Les corps sans vie ont été transportés à la morgue de l’hôpital régional de Ziguinchor, où ont également été acheminés les blessés et où de nombreuses familles se sont réunies, selon l’Agence de presse sénégalaise APS (officielle).

« Ils auraient dépassé la zone tampon séparant les positions de l’armée sénégalaise de celles des combattants du MFDC (Mouvement des forces démocratiques de Casamance), la rébellion indépendantiste armée », a expliqué l’APS, sans citer de source.

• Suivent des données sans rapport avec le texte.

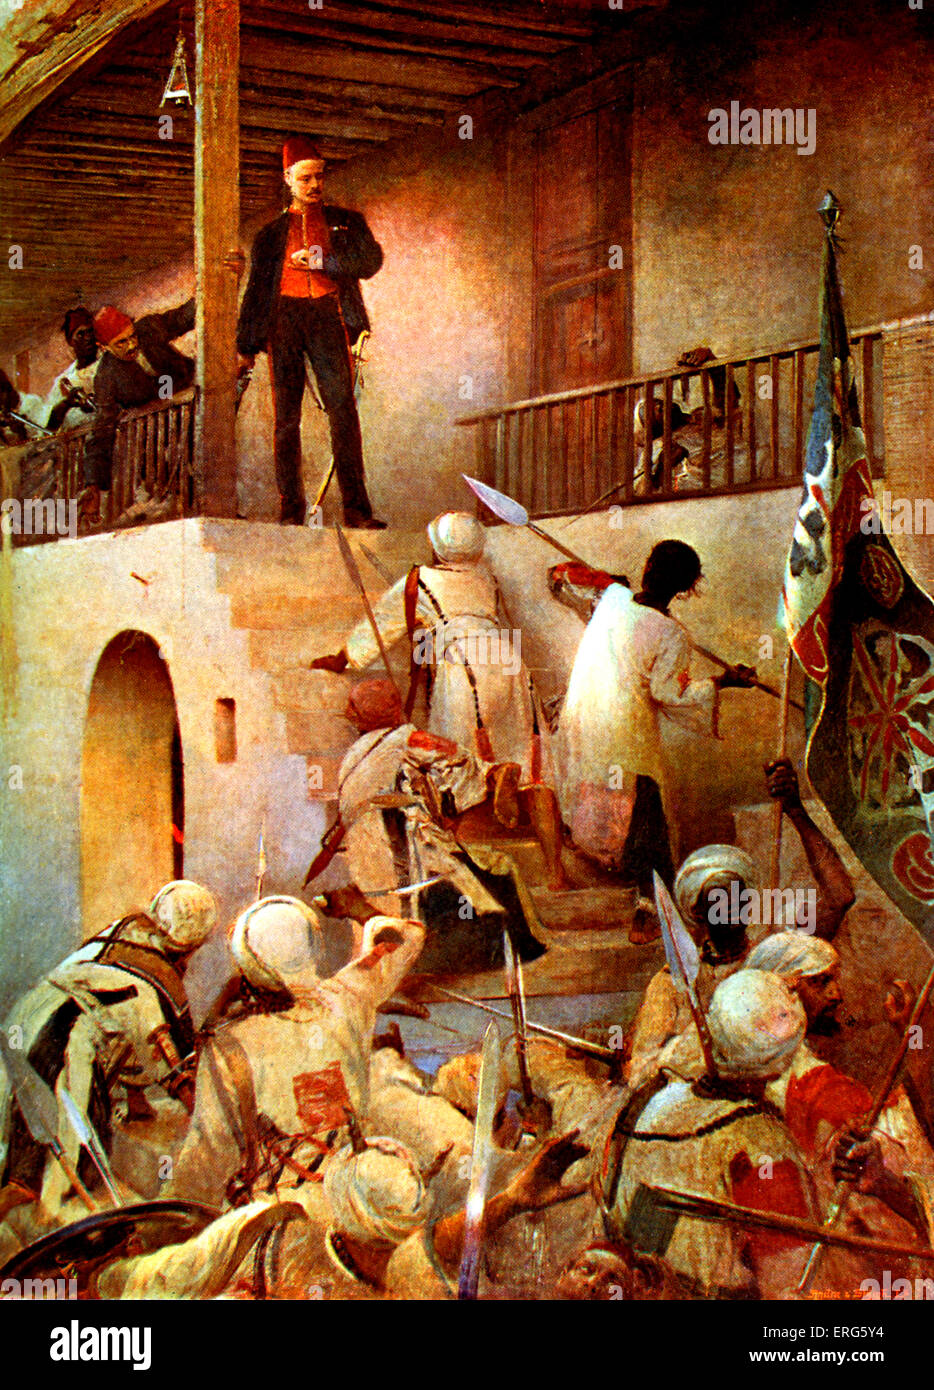 General Gordon's Last Stand, after painting by George W. Joy, 1885. Gordon about to be attacked by warriors of the Mahdi in Stock Photo

« Pas de signes avant-coureurs »

« Il est trop tôt pour dire si les assaillants font partie du MFDC, l’enquête le dira », a expliqué le colonel Ndiaye, alors que la rébellion est divisée en plusieurs factions.

Cette attaque survient au lendemain de la libération de deux combattants du MFDC, libérés par l’armée à la suite d’une médiation lancée par la communauté de Sant’Egidio de Rome entre l’État du Sénégal et les combattants du MFDC.

La rébellion pour l’indépendance de la Casamance, qui dure depuis décembre 1982, a fait des milliers de victimes civiles et militaires, ravagé l’économie de la région et poussé de nombreux habitants à fuir.

Une accalmie perdure sur le terrain depuis plusieurs années alors que les tractations de paix se sont multipliées depuis l’arrivée au pouvoir du président Macky Sall, en 2012.

« Il n’y avait pas de tensions ces derniers temps, pas de signes avant-coureurs », a assuré samedi le porte-parole de l’armée.

« Consolider la paix »

Dans ses vœux de fin d’année dimanche, le chef de l’État sénégalais avait lancé un appel aux rebelles pour la poursuite des pourparlers en vue d' »une paix définitive ».

« Consolidons la paix, car nos progrès sont déjà substantiels, par le dialogue confiant que nous avons poursuivi toutes ces années avec le soutien constant des facilitateurs, que je salue et apprécie », avait-il ajouté.

« Consolidons la paix pour que les mesures d’accompagnement déjà initiées par le gouvernement soit confortées et produisent leurs pleins effets. Faisons le pas décisif vers la paix définitive, une paix sans vainqueur ni vaincu », a poursuivi le dirigeant sénégalais.

Le gouvernement sénégalais a mis en œuvre un programme de reconstruction de la Casamance avec plusieurs projets dans l’agriculture, les infrastructures, le tourisme et l’éducation.

Les pourparlers pour la paix en Casamance entre le gouvernement sénégalais et le MFDC se poursuivent. Des discussions entre les deux parties se sont tenues en octobre à Rome sous l’égide de Sant’Egidio, médiatrice dans le conflit.

Toujours discrète, la communauté catholique a joué un rôle clé pour négocier un accord de paix au Mozambique. Elle est aussi impliquée dans des médiations en Centrafrique, au Soudan du Sud et en Libye.